(Beginning of Exercise data)

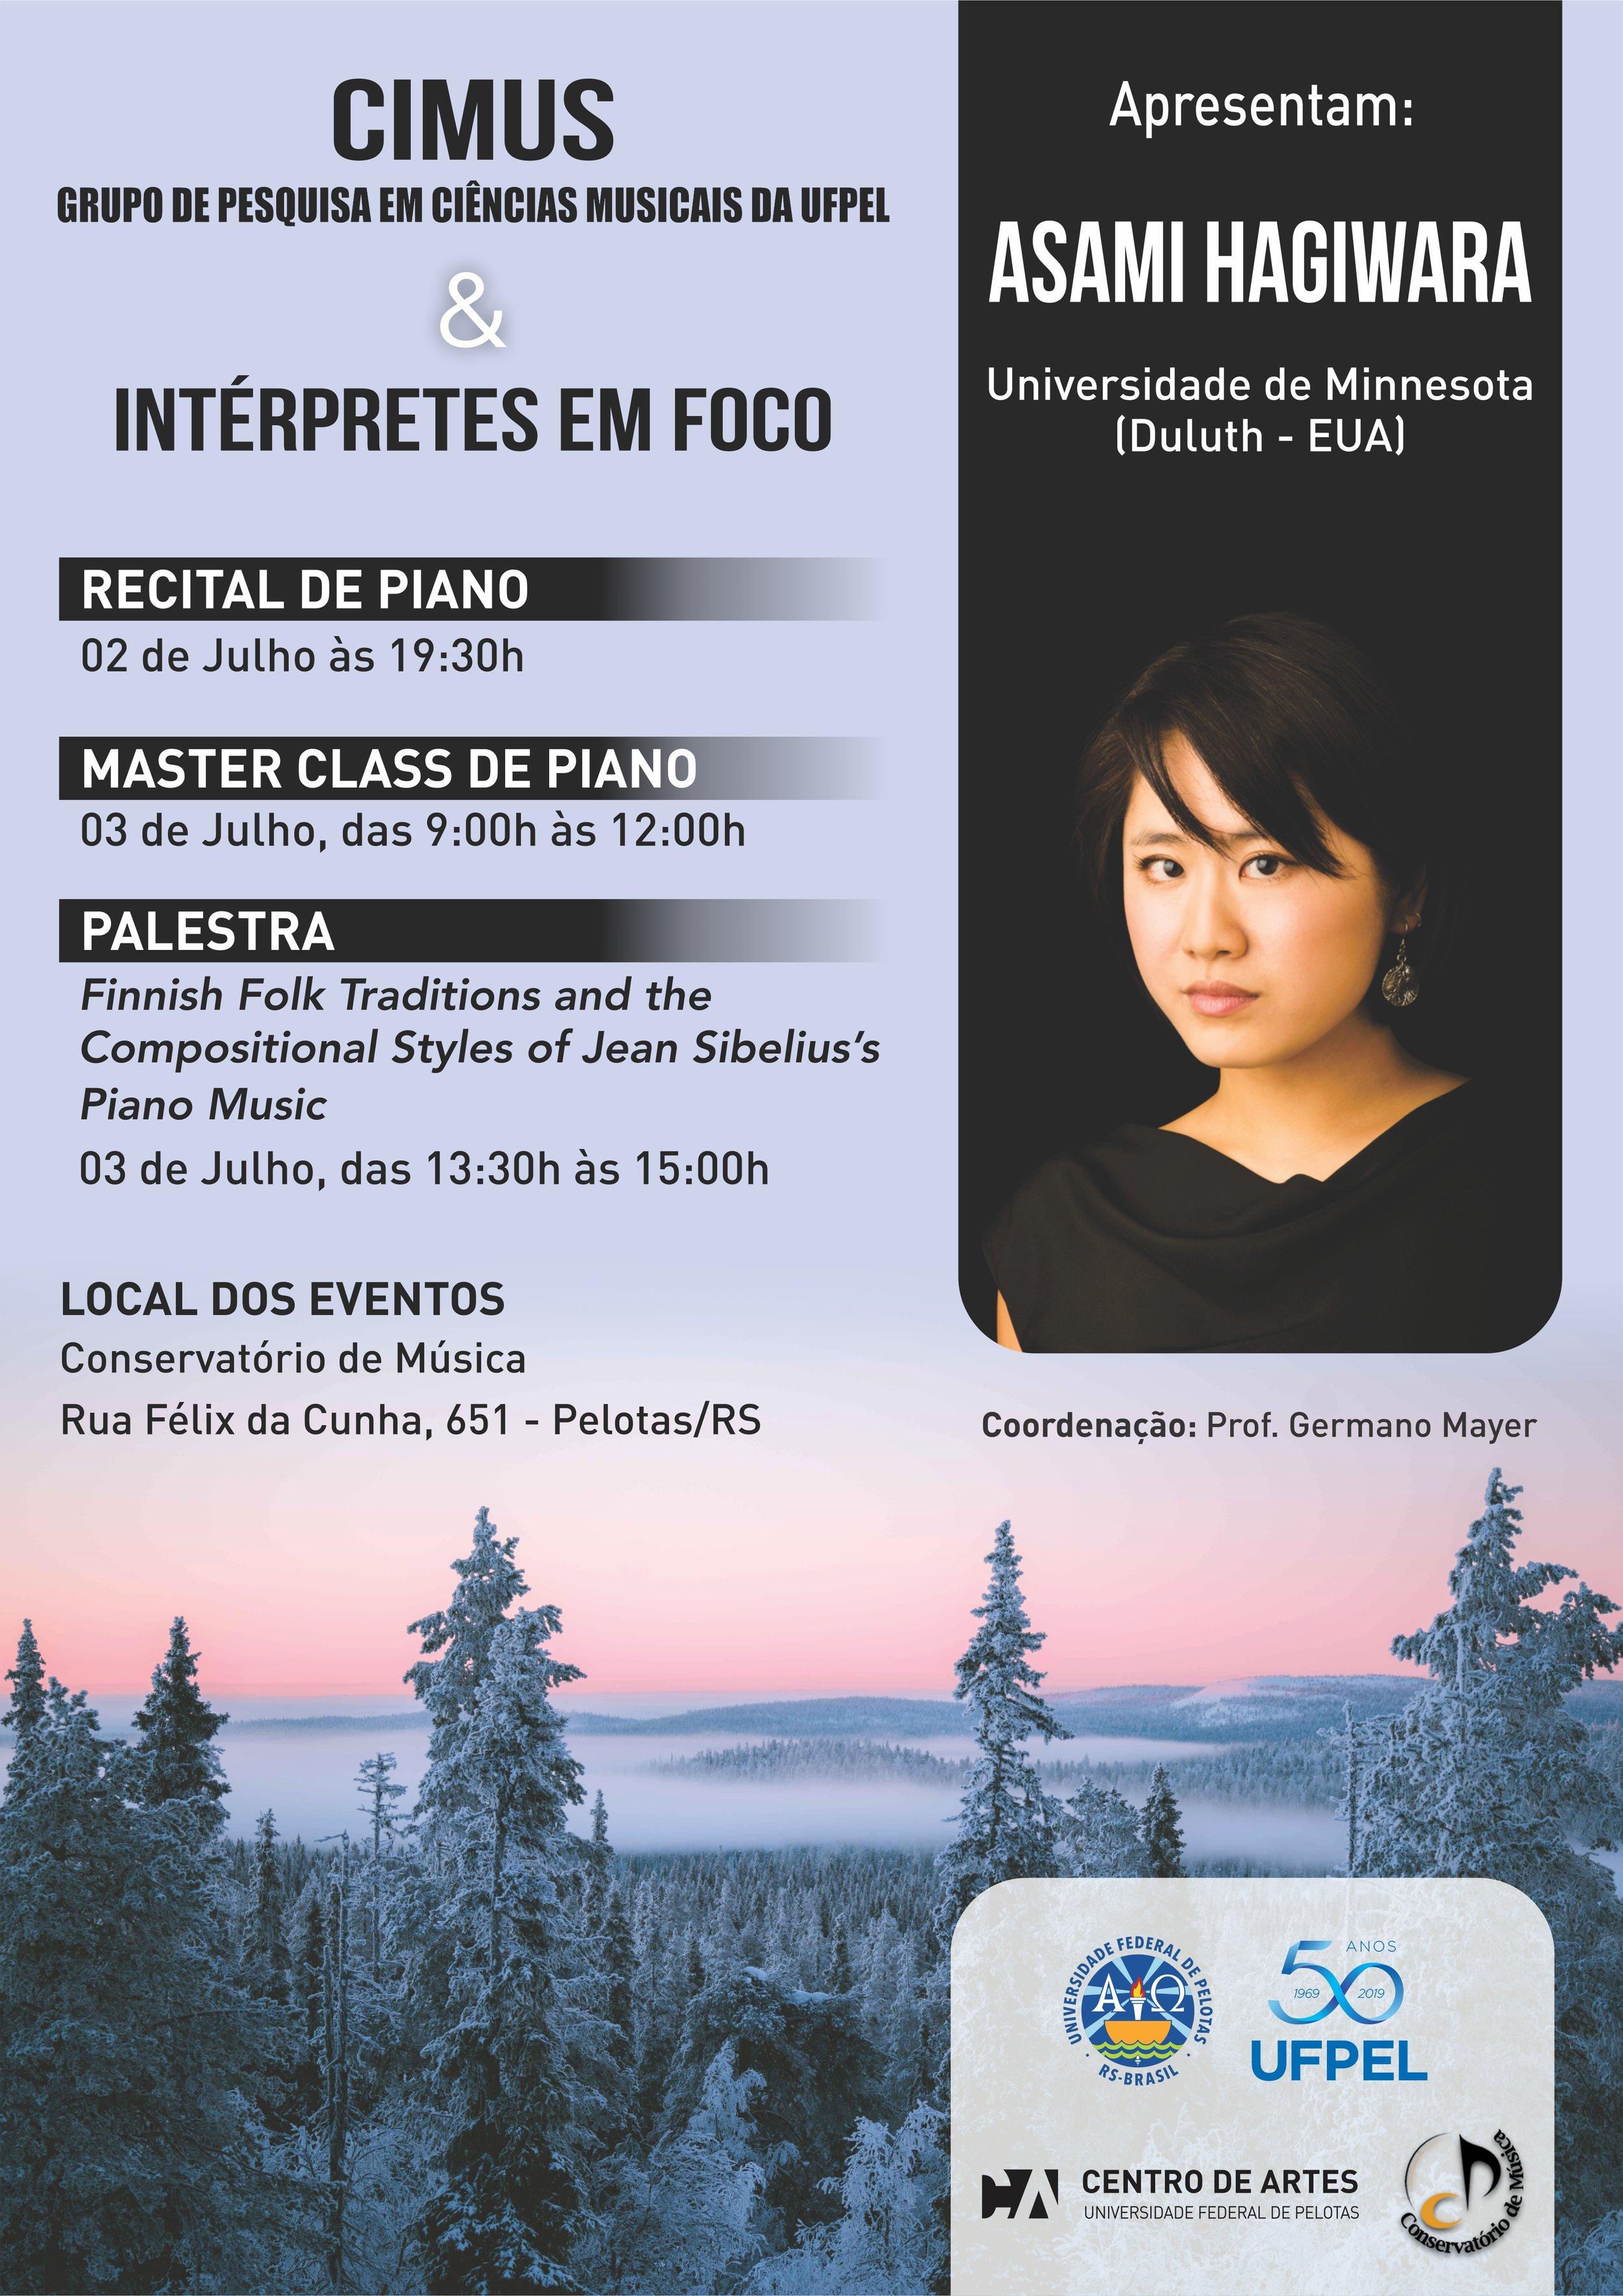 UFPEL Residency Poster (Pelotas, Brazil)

(End of Exercise data)
(Beginning of Exercise data)

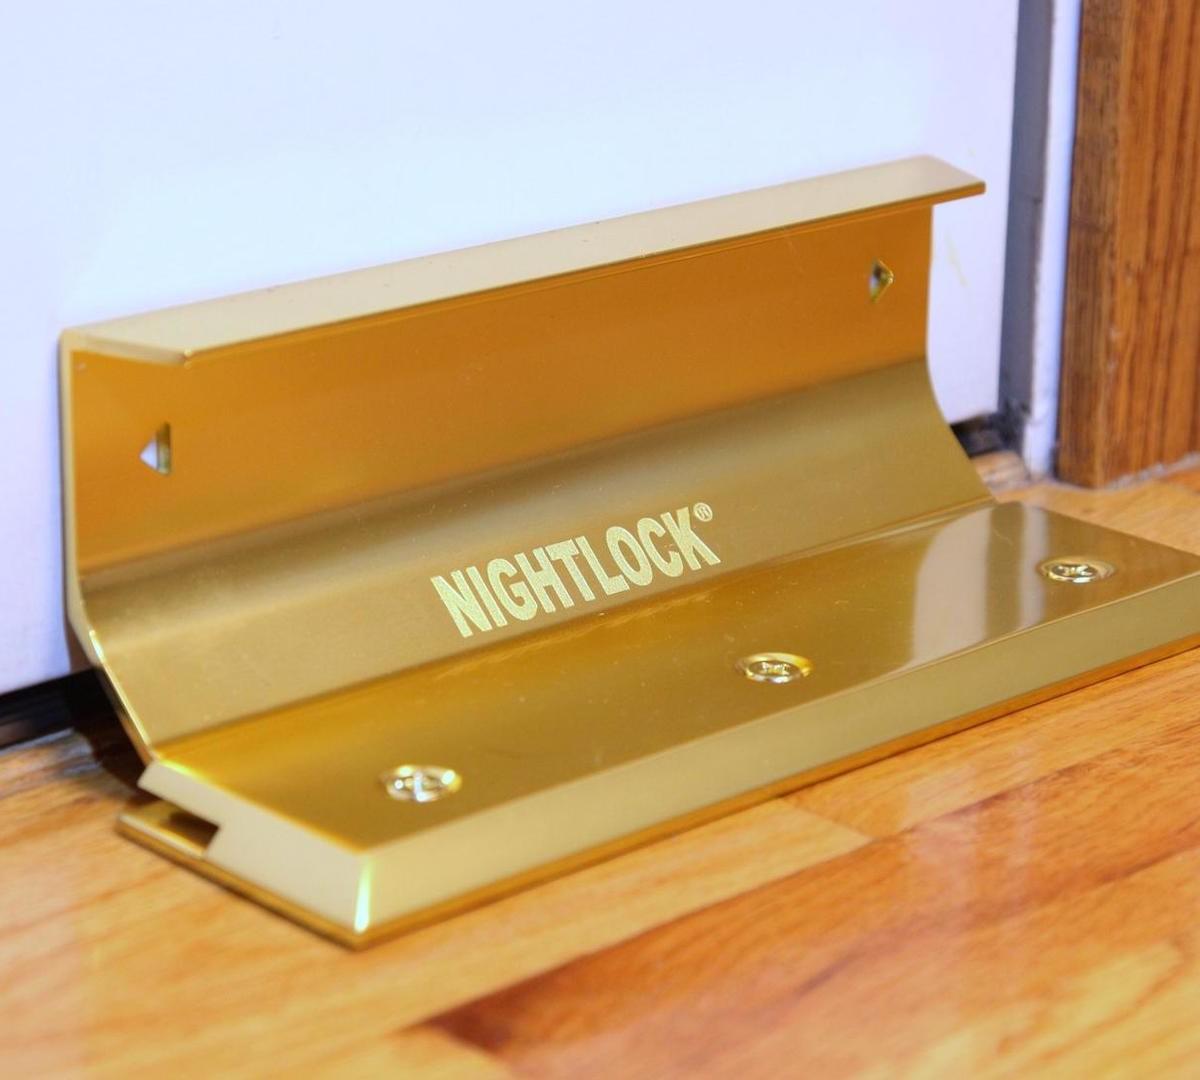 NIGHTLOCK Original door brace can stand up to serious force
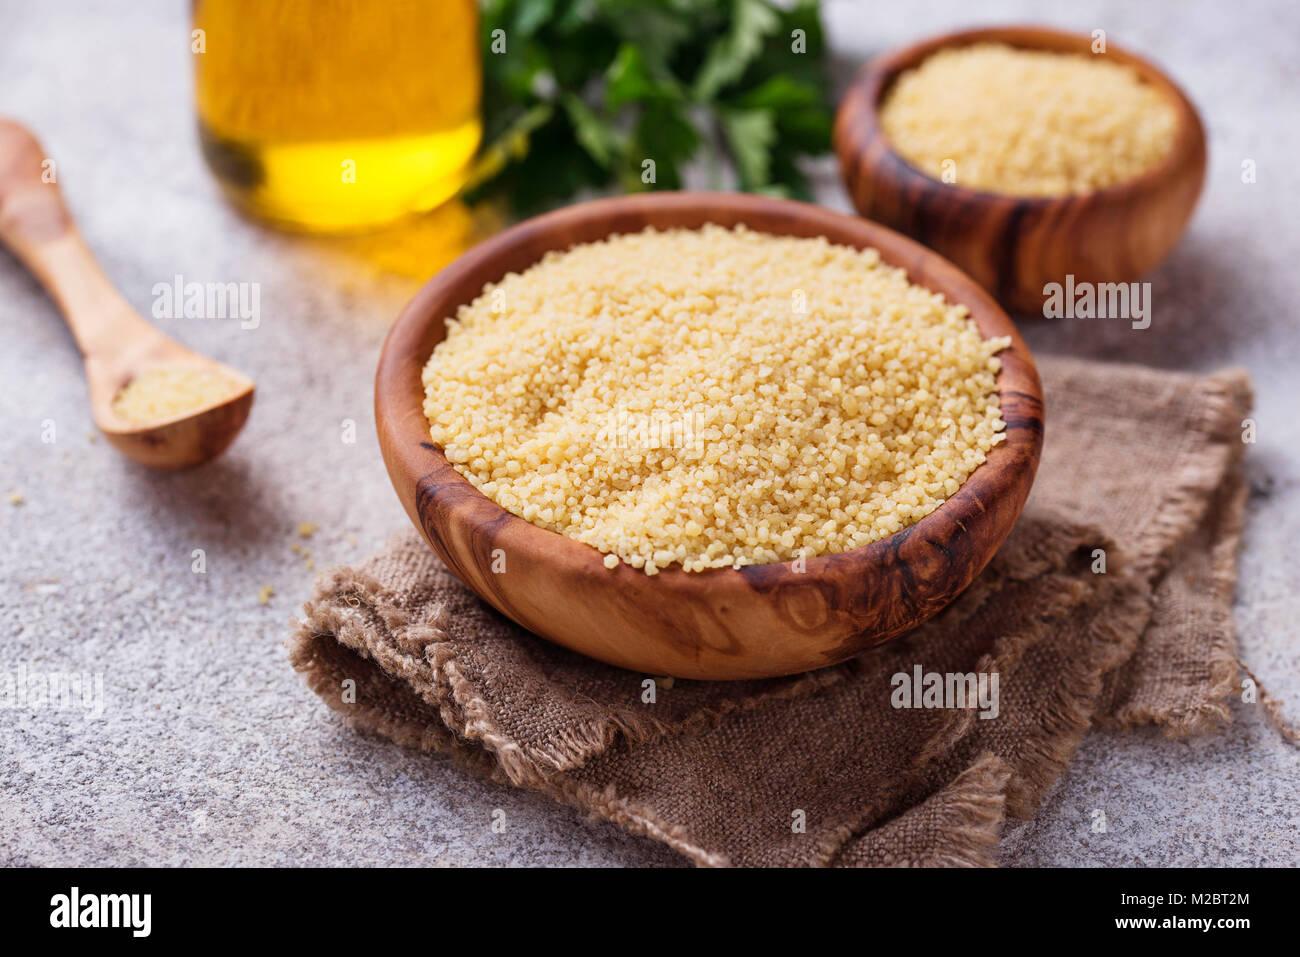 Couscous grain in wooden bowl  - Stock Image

(End of Exercise data)

▸ Action item: In the entries above, find the line that contains "NIGHTLOCK Original door" and the line that contains "Couscous grain in". Reproduce exactly those two lines and every line between them, but not the pictures.

▸ Task response:
 NIGHTLOCK Original door brace can stand up to serious force
 Couscous grain in wooden bowl  - Stock Image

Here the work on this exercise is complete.